Silica: Silica is a chemical molecule produced by the interaction of silicon and oxygen gas, two of the most common elements on the planet. It occurs naturally in three forms: amorphous, crystalline, and impure, as seen in quartz, sand, and opal, respectively.
China stone: China stone is a partly kaolinized, feldspar-rich type of granite that contains no iron and is used in the manufacturing of bone China (see later). Its mineral makeup includes mica, quartz, and feldspar, and it is frequently found in conjunction with kaolin. The resemblance of China stone to Petuntse, which is used to produce hard-paste porcelain, is likely why it became a significant component of bone China.
Kaolin: Kaolin is a clay mineral that is white and produced by the weathering of other aluminosilicate minerals. It is utilized in the majority of contemporary ceramics.
Bone ash: Bone ash is calcined, crushed, and finely powdered animal bones used in Bone China production. Typical bone ash comprises roughly 56% calcium oxide, 42% phosphorus pentoxide, and the remainder water. The calcination process takes place at a temperature of about 1,000 °C.
Bone China Vs Porcelain – The Manufacturing Process
Let’s take a look now at the differences in how bone china vs porcelain is made:
Following the selection of the needed raw materials and the extraction of the requisite weights, they are subjected to a series of preparation processes. They are crushed first, then cleansed.
The raw materials are then mixed before going through a series of forming procedures: (Pressing, casting, stiff plastic forming, or soft plastic forming.) The forming technique used is typically determined by the type of porcelain pottery to be produced.
After creating the porcelain body, it is fired and can subsequently be glazed.

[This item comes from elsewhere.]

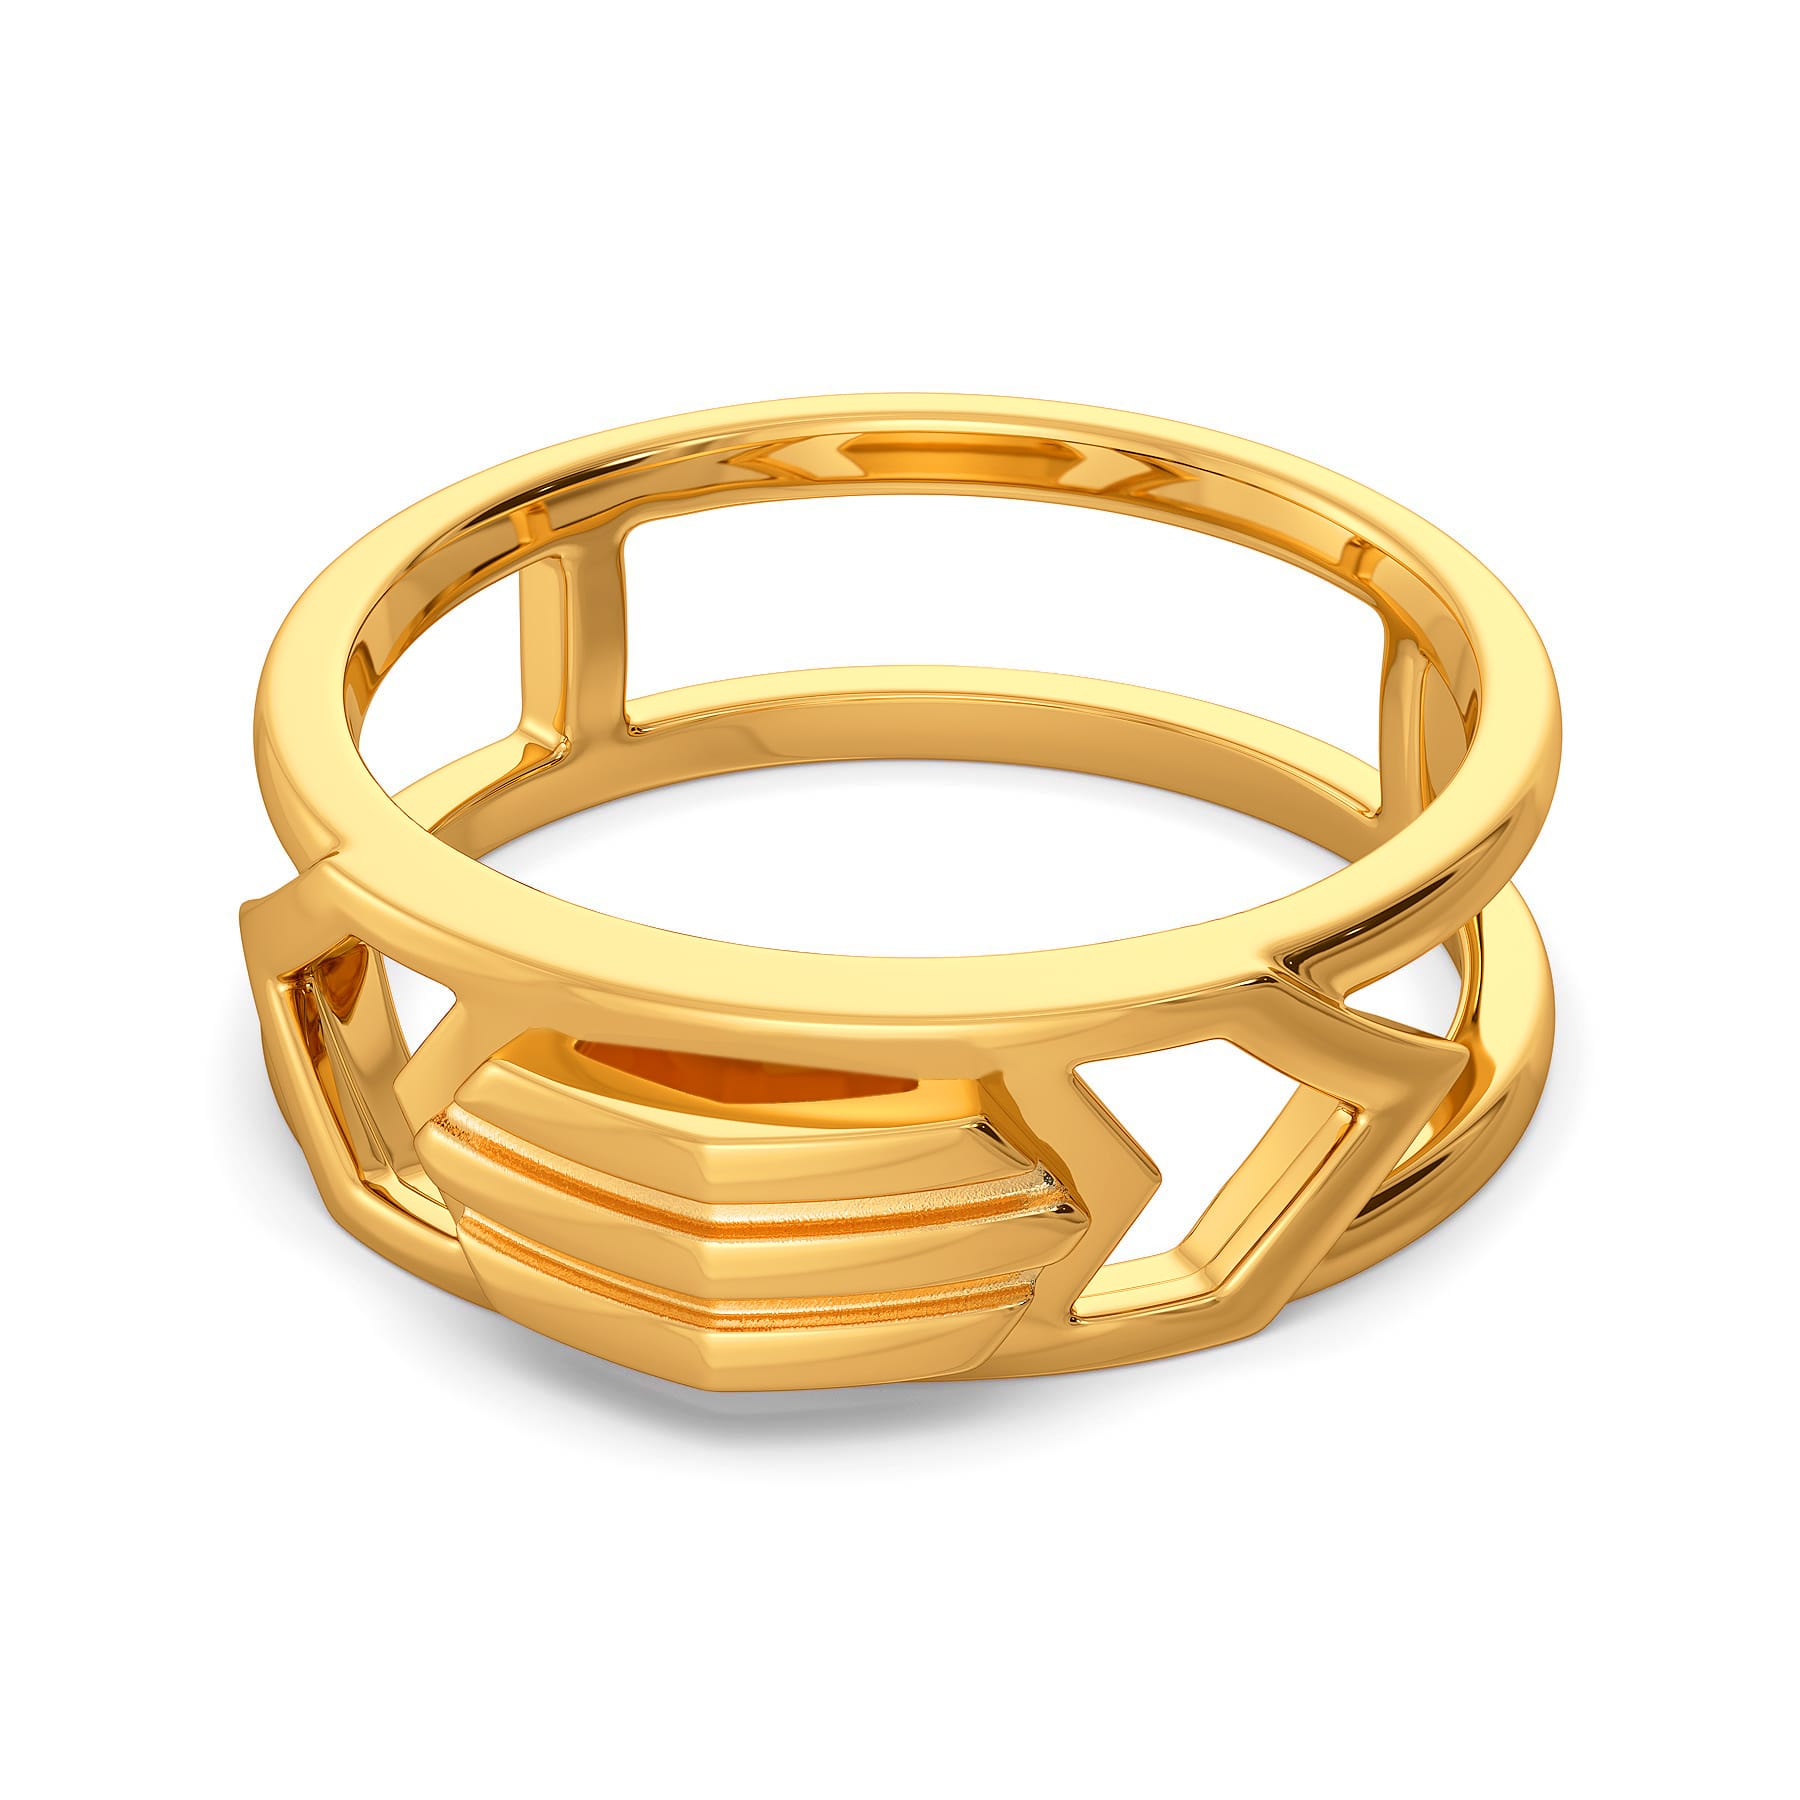 Gender Bender Gold Rings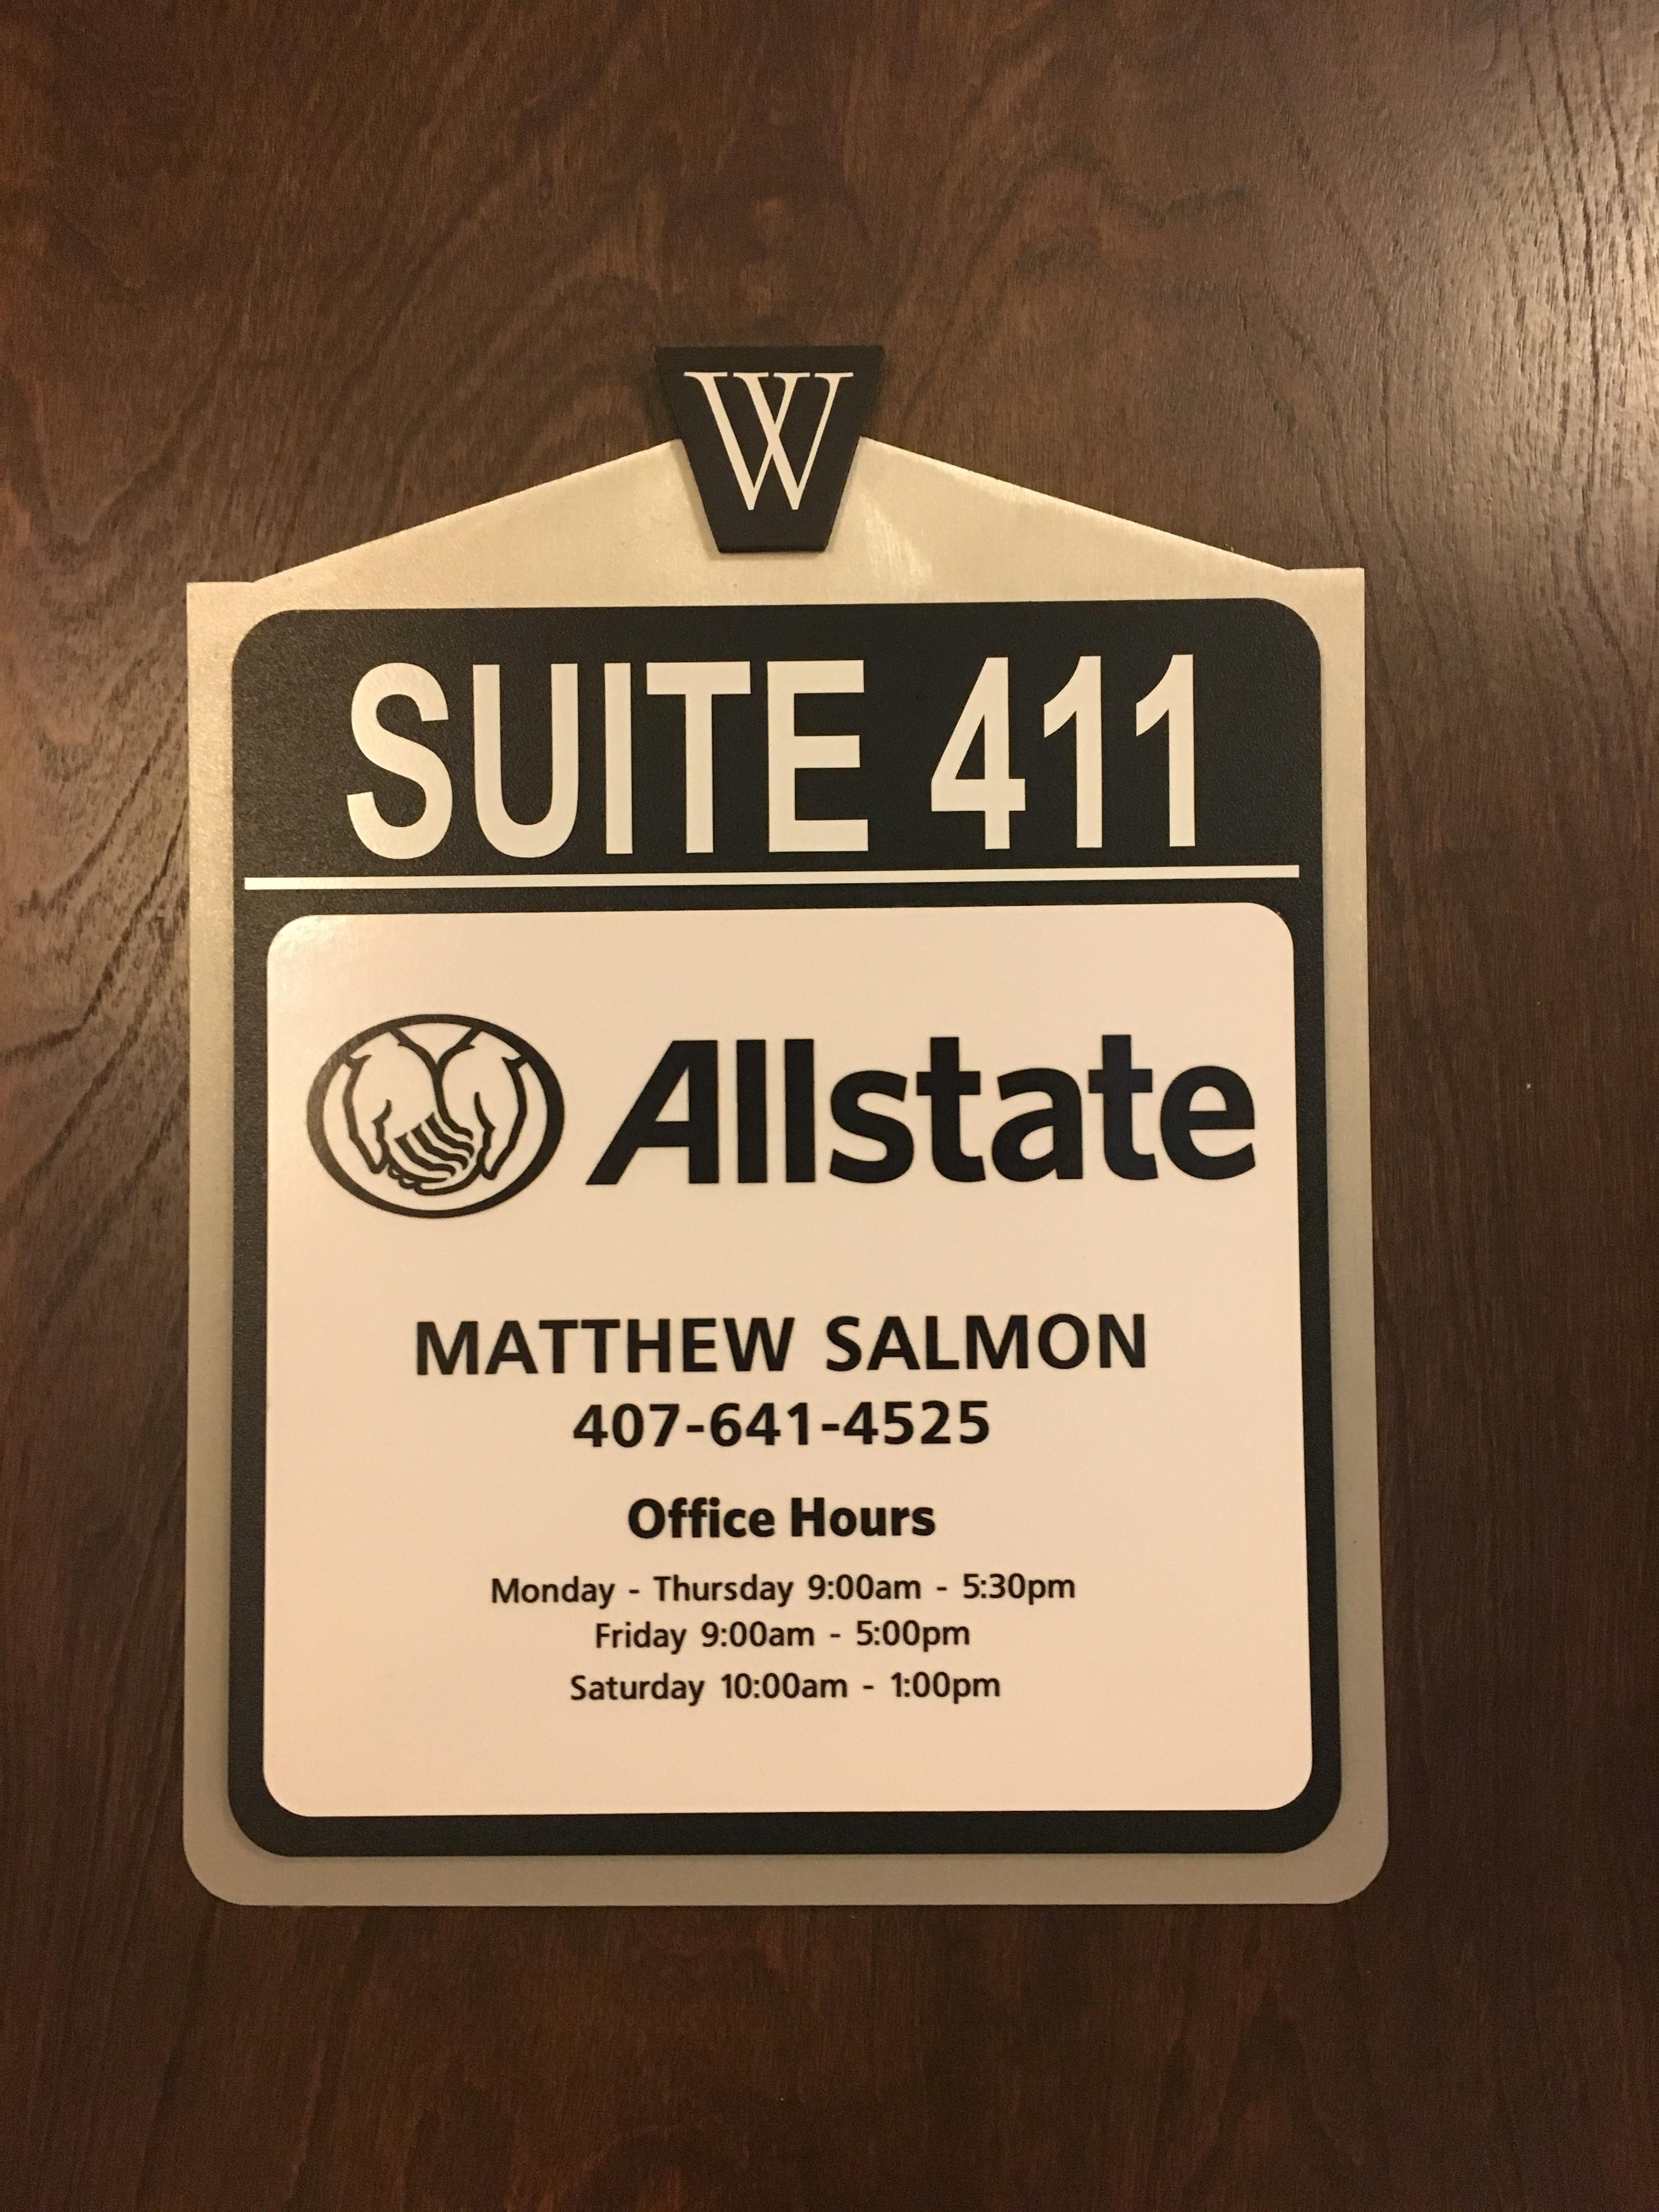 Matthew Salmon: Allstate Insurance image 5

Glazing is the process of melting a decorative glass layer onto a ceramic body.
There are numerous processes involved in the production of bone china. The clay and bone ash must be combined with water before the slurry is molded into huge cylinders that are cut and shaped into plates, bowls, cups, and other pieces using plaster molds.
The stakes are removed from the molds, given a rough washing to remove any extra clay and lumps or other defects, and then burned in a kiln at about 2,300° Fahrenheit.
After firing, the pieces are polished, re-heated, coated, and fired once more to solidify the glaze. The pieces that have been glazed are next embellished, either by machine or by hand. They are then re-fired and examined to set the embellishments.
Look and Color
You might not be able to identify the difference between bone china and porcelain at first glance. However, if you look closely, you will notice that bone China is not as brilliantly white as porcelain. The hue of bone China is creamy white due to the presence of bone ash. Lastly, since they are very thin and lightweight, bone china tends to be translucent.
In summation, bone china is a type of porcelain distinguished by the addition of bone ash during the manufacturing process. It is more expensive than most porcelains. However, it is important to note that some fine china pieces are pricier.
Another distinction between bone china and other porcelains is the color. While bone China is usually creamy-white and may or may not have hand-painted motifs, porcelain pieces come in various colors, rim treatments (gold or silver), and designer patterns.
Lastly, porcelain and bone China bodies are made from similar raw materials like kaolin, feldspar, clay, quartz, and calcium phosphate.